Thursday, September 24, 2015

Our First Month

"Where is her head?" 

"In the bassinet." He says. 

I sit up like a flicked spring and begin searching the blanket for my baby. "I know her head is in the bassinet, but where is her face?" I beg. 

"Her face is with the rest of her...in the bassinet." Scott says, grabbing my hands. 

"Stop it! Help me!" I shove him off.  

I pick through the covers with careful fingers. I am poor of sleep. He understands. This isn't the first time I've woken -or half-woken- in a panic, thinking her cries mean she's suffocating beneath me or fallen onto the floor. 

"She's in her bassinet." He says again, waiting for me to wake. 

I turn and watch our daughter wiggle in the dark before standing to take her in my arms. 

Hormones host nightly parties for my fears. There is dancing followed by feasts of violent thoughts where accidental injuries, SIDS and sickness poison this fledgling mother's mind. If she's making lots of noises, I worry. If she is silent, I check her chest for breath. During her first week of life, I hear an erratic, spontaneous soundtrack of the noise her floppy body would make if she fell from my hands to the floor. When this happens, I grip her little limbs and sit surrounded by pillows and soft furniture until the falsity fades. This baby's helpless fragile form has transformed our home's floor into a slippery, widespread wooden weapon.  

"Please promise that you'll be really careful on the stairs." I say to Scott who holds the baby in his lap at the computer late one night. I'm sniffling having just witnessed the two of them falling in my calamitous/nasty/uninvited imagination. He has her so that I might sleep, but I can't sleep, not with a flight of stairs between us. 

"I will." He tell me. "Though, I'm not the one who falls down stairs." He teases. [I fell three times last Fall before finally ordering $40 worth of sticky carpet slabs from the Internet.] Scott is strong and agile.
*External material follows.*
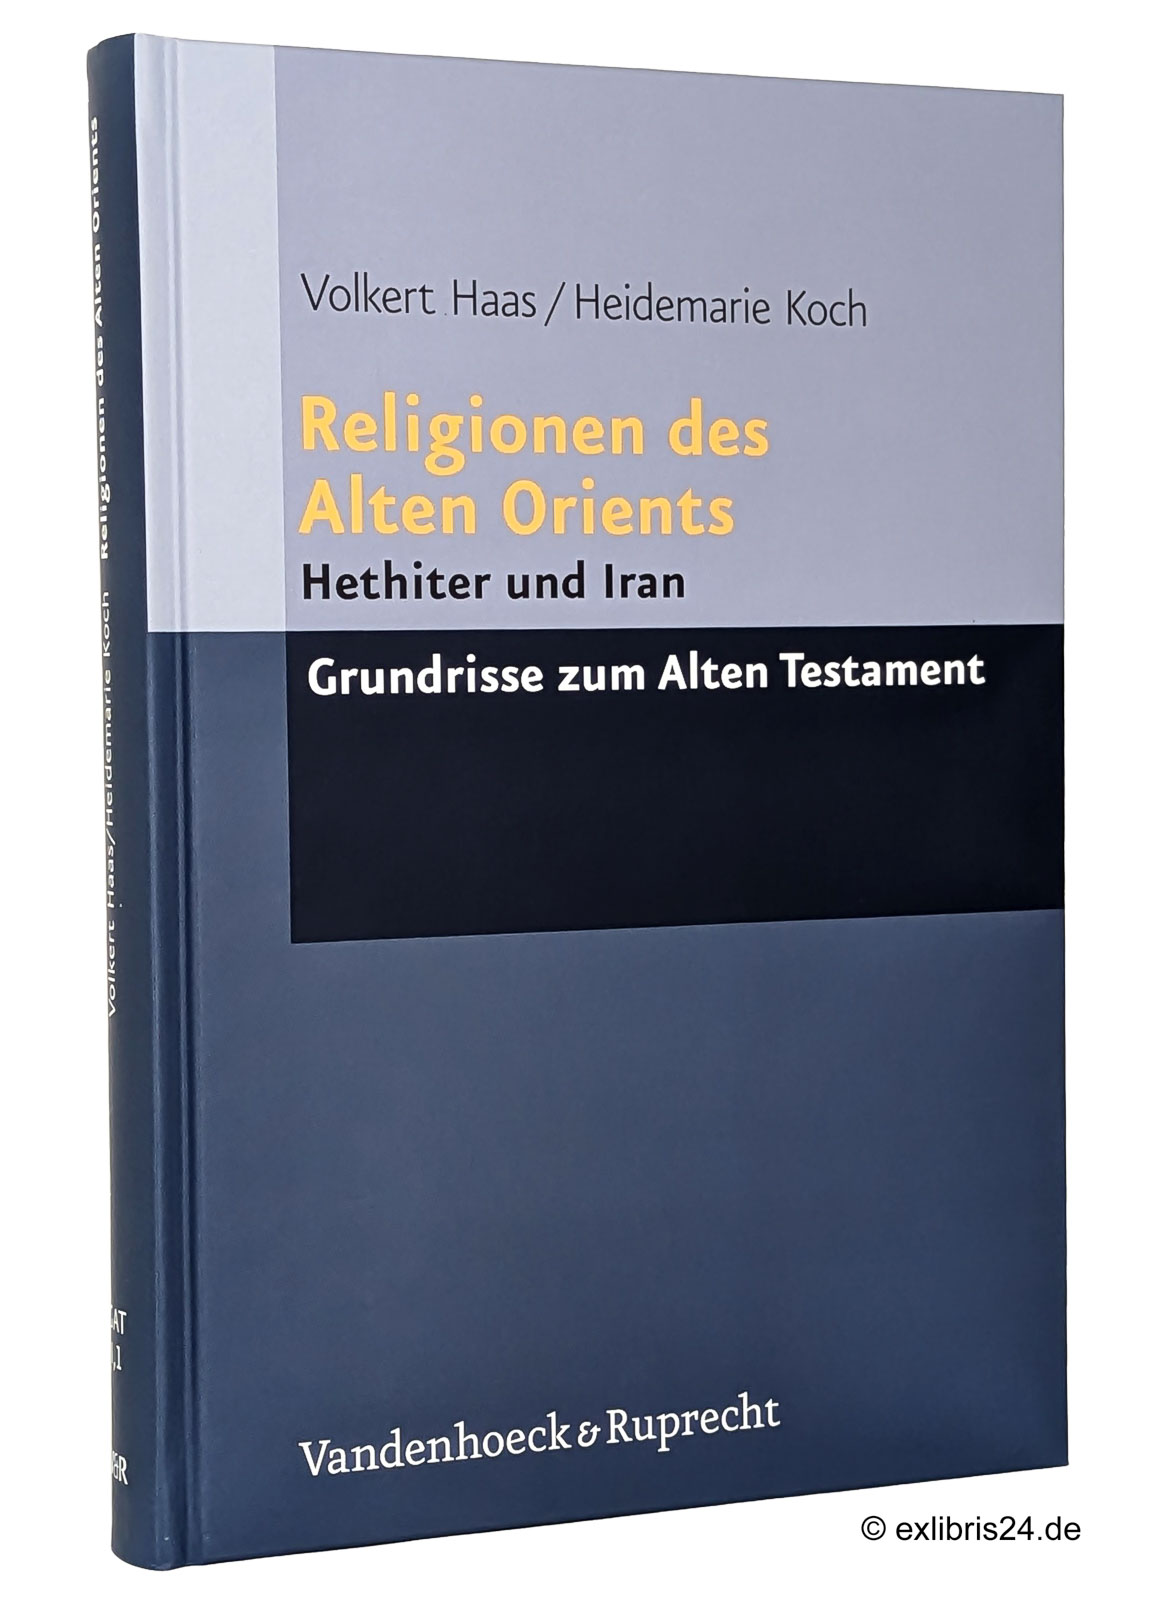 Religionen des Alten Orients, Teil 1: Hethiter und Iran : (Reihe: GAT - Grundrisse zum Alten Testament, Band 1,1) - Haas, Volkert; Koch, Heidemarie
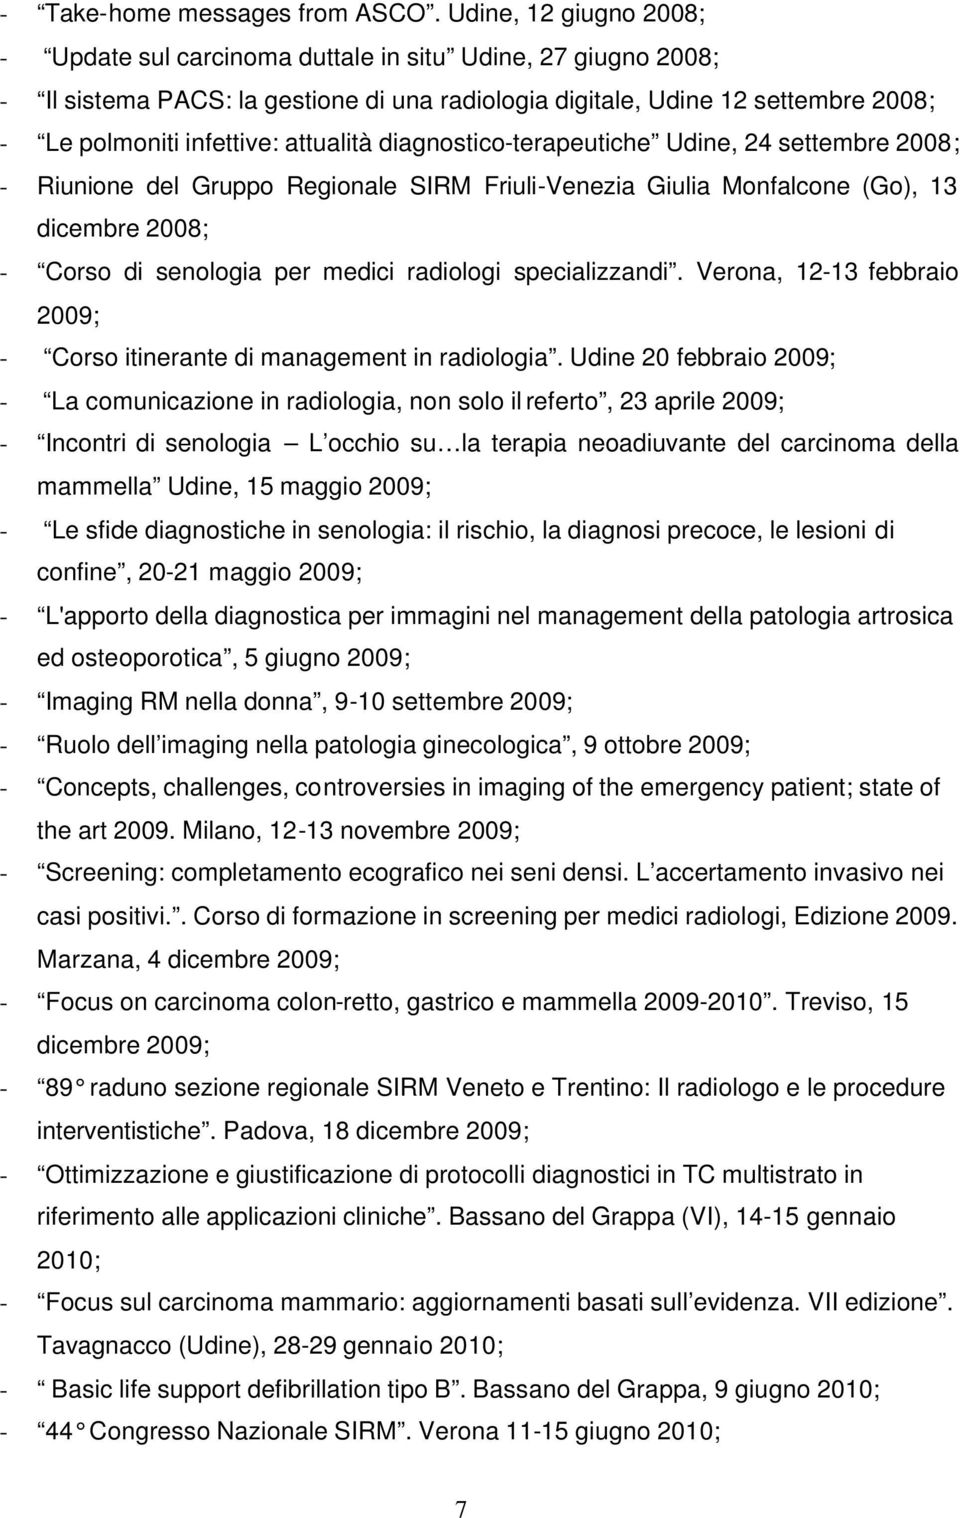 attualità diagnostico-terapeutiche Udine, 24 settembre 2008; - Riunione del Gruppo Regionale SIRM Friuli-Venezia Giulia Monfalcone (Go), 13 dicembre 2008; - Corso di senologia per medici radiologi

He will not drop her, especially now that I have reminded him to be careful. I tell myself before picking up an old, never before read collection of Jane Austen novels. I bought it in Boston years before, but found the first pages too dry to be absorbed. Below in bed, I open the bulky blue binding and begin reading for boredom. Social etiquette, an old man's will, expired class structures and first born sons, I slog through two pages twice before dropping the classic paper stories to follow sleep. 

The second night we are home with baby, my breast milk arrives in bulk. Bouncing from my puckered breasts, unable to latch, she fits for hours. She must be starving. I rock her while her wails pluck dissonance into my heartstrings. 

"Scott." I whimper. 

"What's up?" He asks, sitting out of sleep.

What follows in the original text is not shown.